A static, detailed outline of the United States map with no text or labels. The camera focuses on the map, which remains unchanged for a second. Then, the animation begins, gradually highlighting the outlines of Ohio, Texas, Illinois, and Indiana in a soft, glowing effect. The rest of the map remains unaltered, maintaining its clean, minimalist design. The video ends with these four states highlighted, creating a clear visual focus without any additional text or elements.
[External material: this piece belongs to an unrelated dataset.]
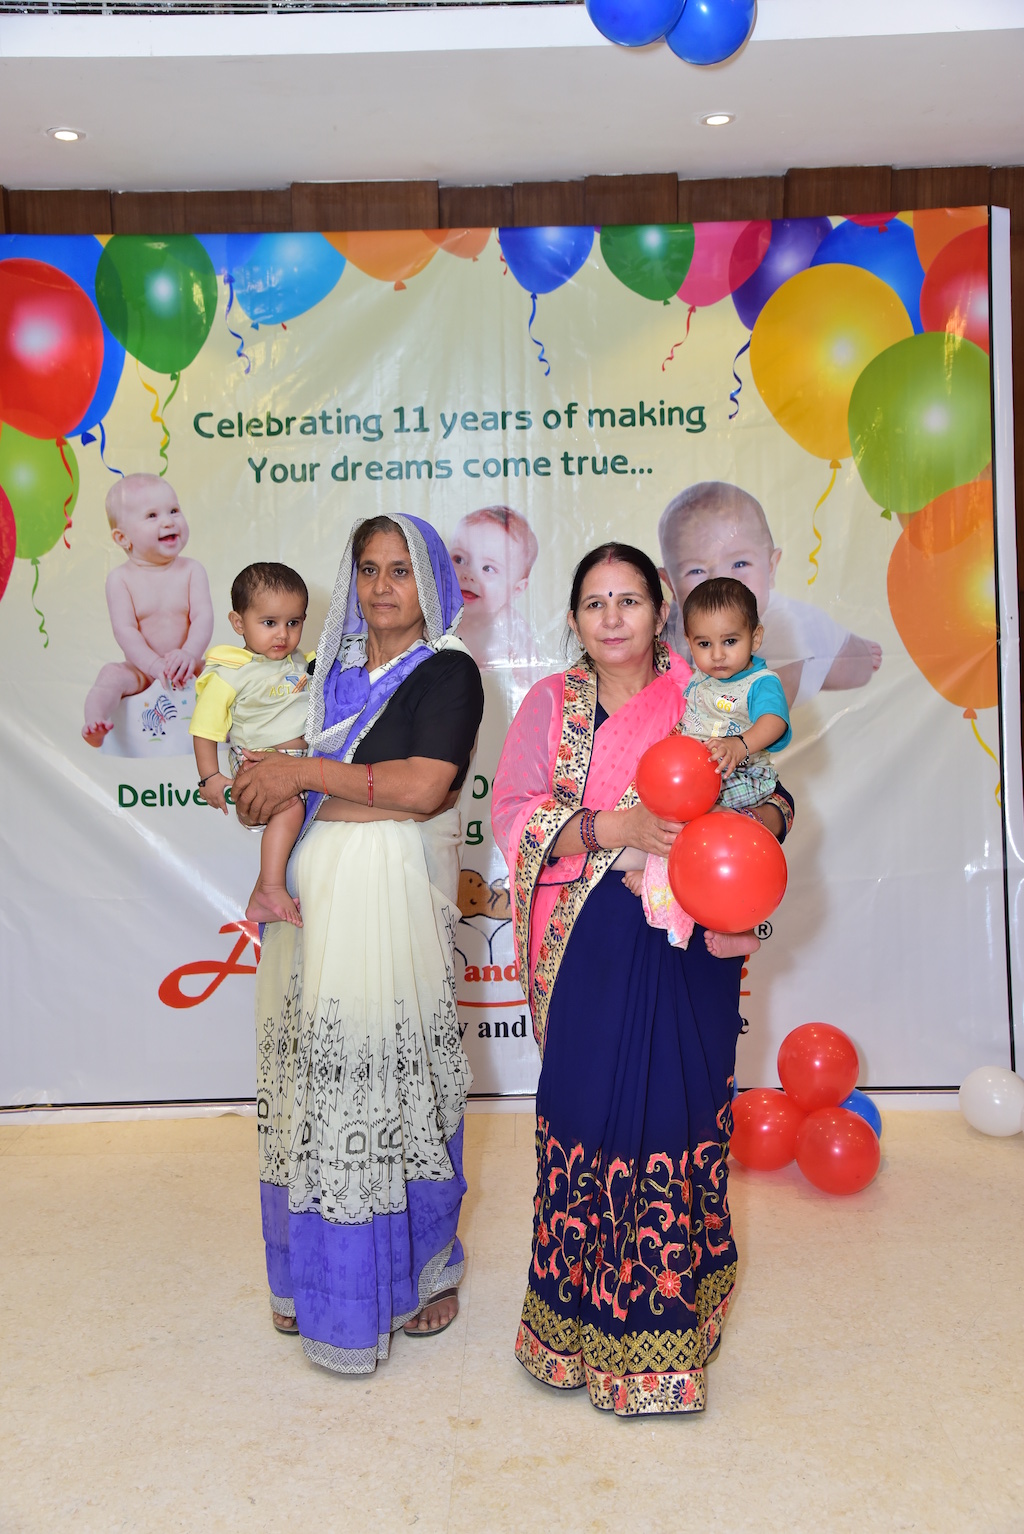 Best IVF Specialist Noida, Test Tube Baby Center in Noida, Infertility Treatment in Noida, IVF Centre in Noida, Fertility Centre in Noida, IVF Doctor in Noida, IVF Fertility Centre in Noida

The overall style is clean and modern, emphasizing the geometric shapes and borders of the states in the style of Vector Art.

I like that and I can see that getting a better result, but this was the enhanced prompt result:

One thing I do like about FireFly is I’m constantly reminded of how many credits a generation costs.

This little button in the corner is a handy reminder. It can often take so many generations to get a useful result so you will use your credits. I like that a low-res generation is relatively cheap in the form of credits. You can enhance your prompt at 540 resolution and then generate the final version at a higher resolution costing more credits. That’s at least something when it comes to how to spend your credits. Other generative video systems and LLMs may operate differently as far as the cost and credit function. But at this point, I don’t spend extra money per month on another system as I just don’t have the need … yet.

And how did the Veo3 model do with that “enhanced” prompt a couple of weeks later?

I asked a friend who is deep into AI, generative AI, why I couldn’t get a desirable result. His response makes sense:

You can’t just prompt it with a specific graphic animation, because AI works by diffusing hundreds of videos that are doing the same thing. There’s not gonna be animations of maps with states being highlighted for it to diffuse. Like if you have a girl and you say “woman dancing” it looks for videos of women dancing, diffuses them into noise. And from the latent point cloud of noise it renders the densest areas of the point cloud as motion. But it’s taking hundreds to thousands of videos of women dancing to do that. The less reference it has the more it hallucinates. If you ask it to animate a map of the United States it’s gonna be looking for videos of maps of the United States to diffuse. But if you say highlights specific states, it’s not gonna know what that is unless there are videos of that labelled as such in its library. When you ask for something rare that it doesn’t have a lot of reference for it just finds the closest thing and diffuses it. And that’s why you get weird stuff when you get too creative. There might be videos of maps and it might know how to animate them as if the camera is moving. But it probably won’t know how to highlight states. Generative AI is a diffusion model mixed with a large language model, but all the large language model does is look for videos with the tokens in your prompt. A token is like a meta tag. So if you say map, it just looks at videos with maps. Generative AI is still pretty stupid.

That makes a lot of sense considering how specific of an animation I was asking it to make. On the one hand, it kind of disappoints me because this is a place where generative AI could be so useful. But on the other hand, I like keeping animators and motion graphics artists employed. I just wish we always had the budget to employ them.